What roles should ECOWAS and AU play in strengthening member countries on adoption of more stringent policies and legislation in this campaign?

ECOWAS and AU member countries should support each other in breaking the poverty cycle by simultaneously implementing an effective family planning program in addition to all the economic activities. Afterall, the World Bank talks about GDP per capita. This means, nations should help their citizens reproduce themselves healthily and work effectively and efficiently to improve the GDP per capita. ECOWAS and AU must focus on reproductive health rights and responsibility as equally as they focus on economic interventions because one cannot afford to forget the per capita part of GDP per capita and meet the SDG goals or the Africa Agenda 2063. Nigeria being the most populous African country with a high population growth rate with massive population momentum, should be targeted for support by ECOWAS to reposition family planning as a critical socio economic intervention to improve human lives in this generation and set the stage for improved life for the next.

 

What is your advice to executives of population control agencies in Nigeria and other countries?

Nigeria is Africa’s most populous country. It has over 40 percent of its population below 15 years and has a net annual increase of about 5 million people. That is about the population of Norway being added to Nigeria’s population annually. This is certainly not sustainable for sustainable socio-economic development.

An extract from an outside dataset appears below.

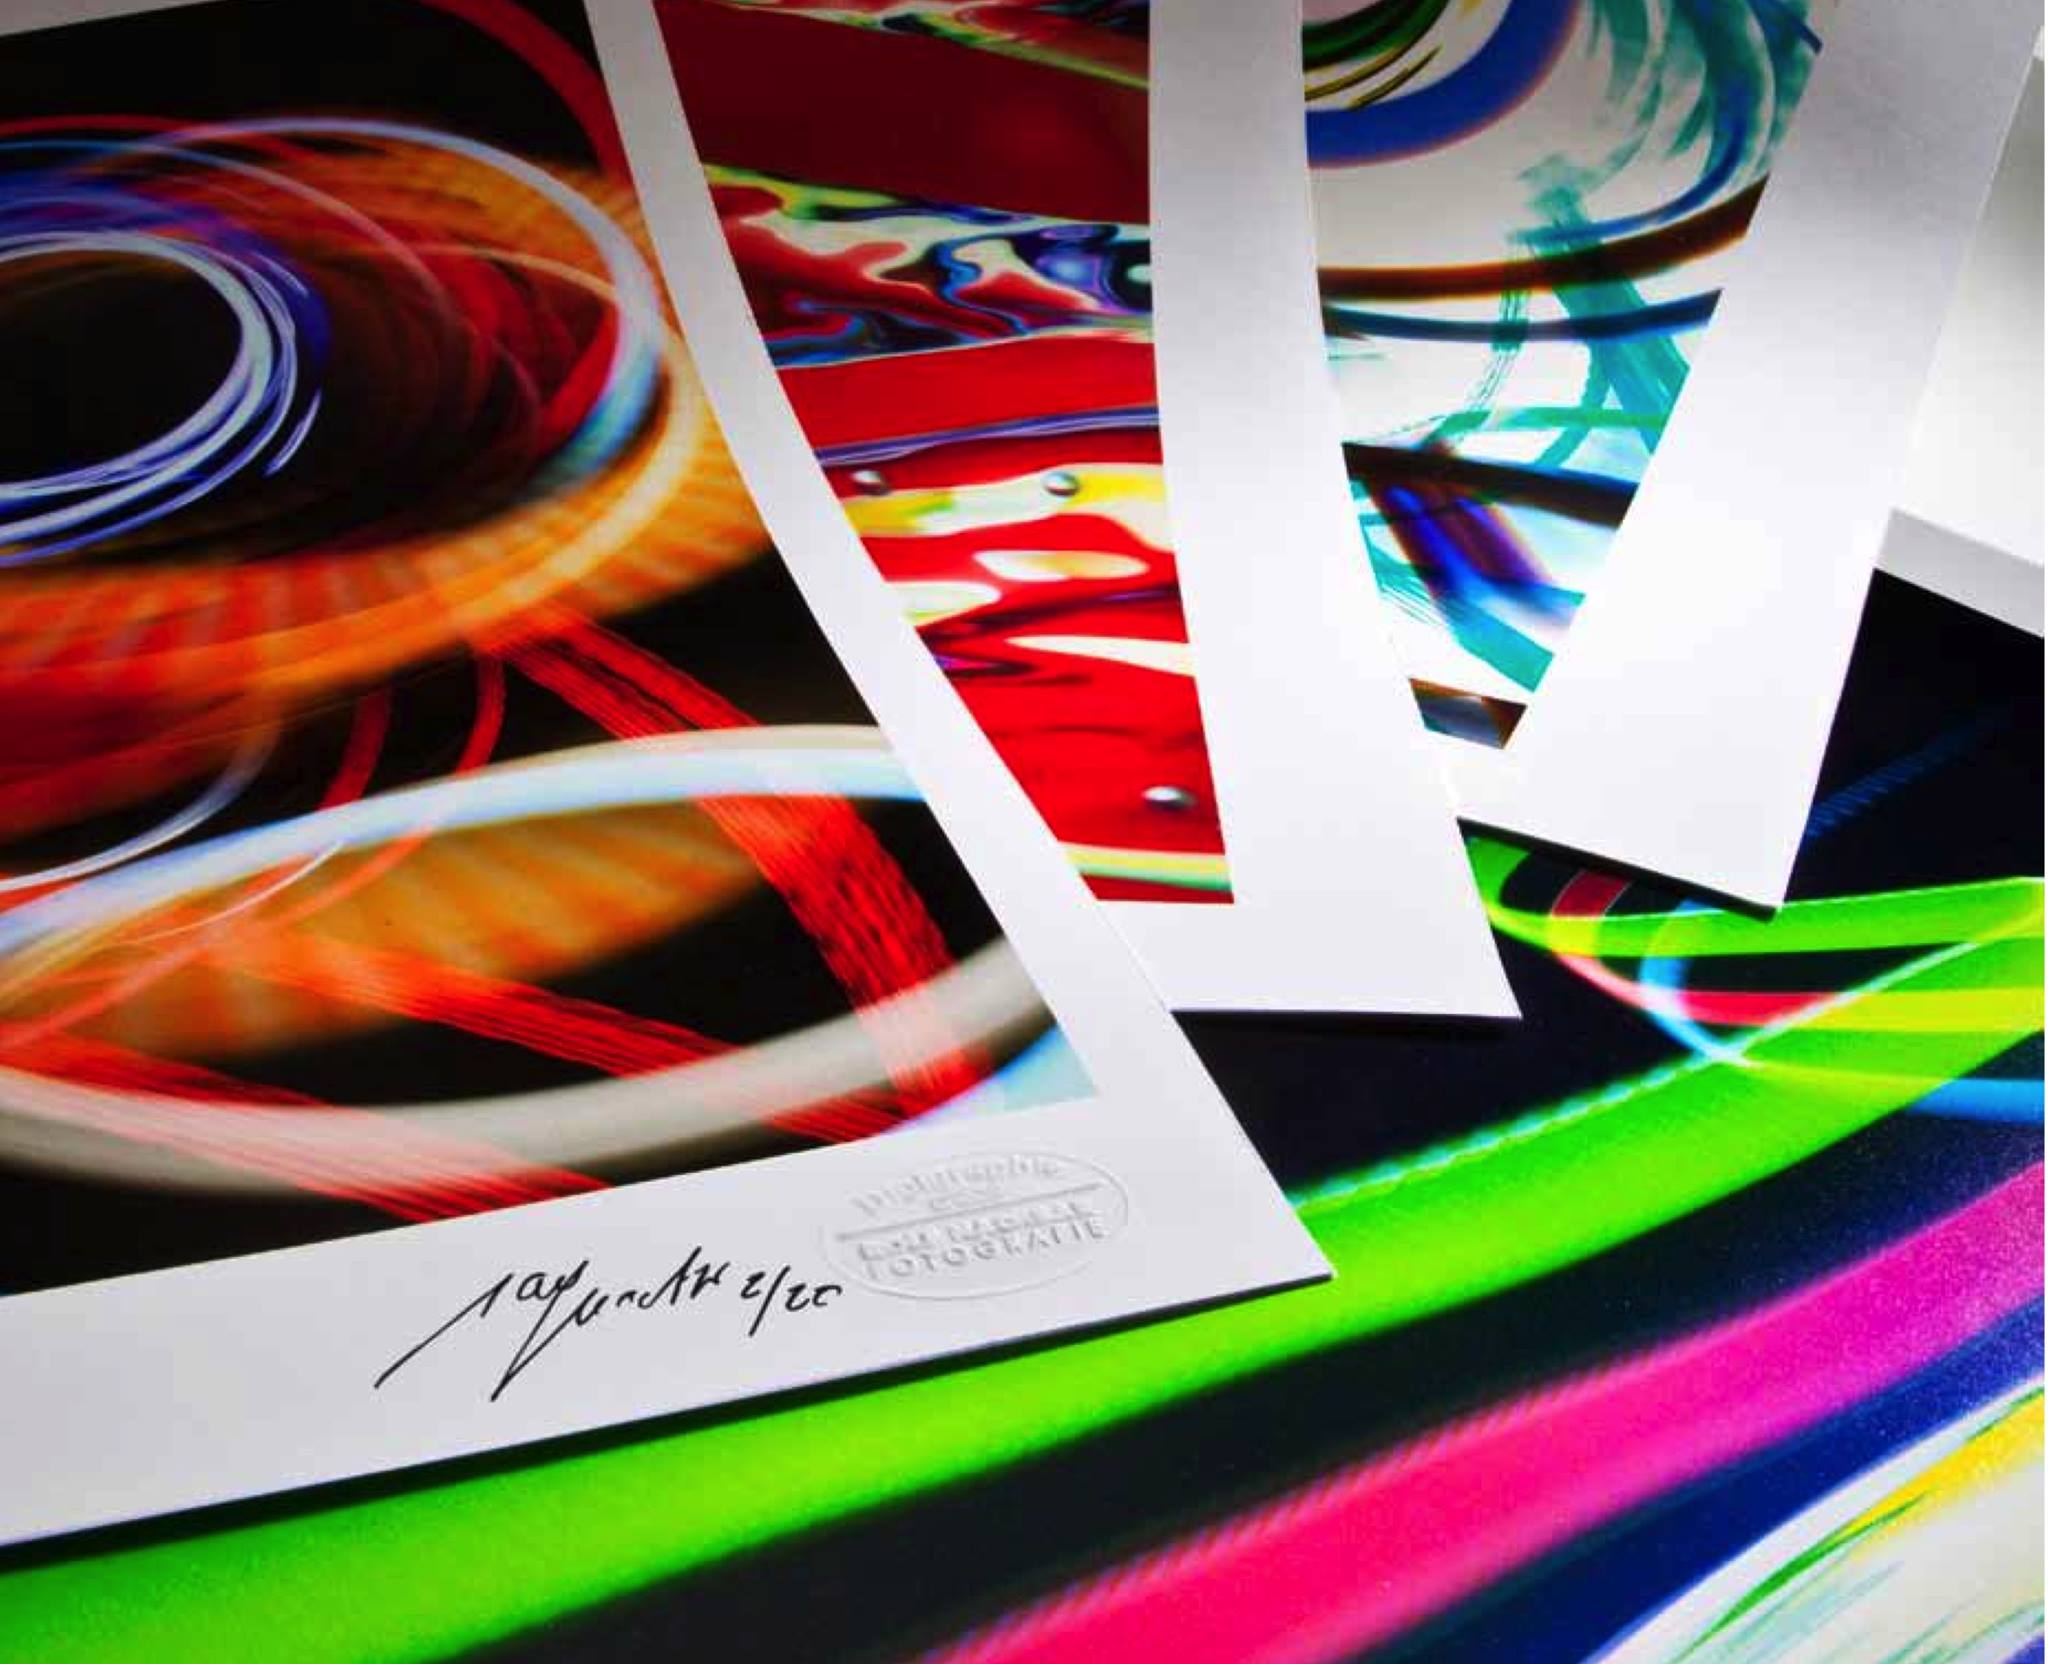 """Der Epson-Fotowettbewerb hat in diesem Jahr das Thema """"Elemente im Kontrast: – Erde, Feuer, Luft und Wasser"""". Die Bilder können bis zum 17. Mai 2015 über die Facebook-Seite von Epson Deutschland eingereicht werden."""

Population growth dramatically increases the need for all services including job creation. Linden, writing in the New York Times in 2017, illustrates the burden of exploding population. He said per the population structure of the United States, on average 129,000 new jobs monthly were created in 2016 but an America-size Nigeria would have to produce 319,000 jobs monthly, without cease. How can we sustain this? Let us know that the might of a nation is not necessarily in its size but in the might of its people that is the human capital.

 

Dr What are your final thoughts on these issues?

I believe that every pregnancy should be wanted, and every child cherished and nurtured to be a productive and proud citizen of nations. That is the only way any nation can develop since quality human capital accumulation is key for manufacturing durable assets for common good. Adequate investment in children from infancy through adolescence till they become productive is expensive and time consuming but that is the only way to transform our human resource to human capital for development. Investing in reproductive health and rights have huge returns not just in terms of preventing high risk and unintended pregnancies, unsafe abortions and complication, but also improves nutrition for women and children, reduces risk of anaemia for women and children, increases survival and better health for mothers and children and fewer orphaned children. Investing in reproductive health in addition to reducing heath bill, frees up money for quality education of the citizens, thereby improving the status of all including women to contribute to economic growth. Investing in reproductive health saves money and helps nations produce healthy productive citizens for sustainable socio-economic development. The Africa we want, where no one is left behind.

As the former President Olusegun Obasanjo said on TV once, “if you don’t see what you should see, and you don’t do what you should do, you will become a victim of what you don’t like”.

I totally agree with him and urge all of us to see the importance of reproductive health rights and responsibilities as a developmental agenda and focus on it to enable us get the results we so desire. Let us see what we should see and do what we should do to get the results we desire.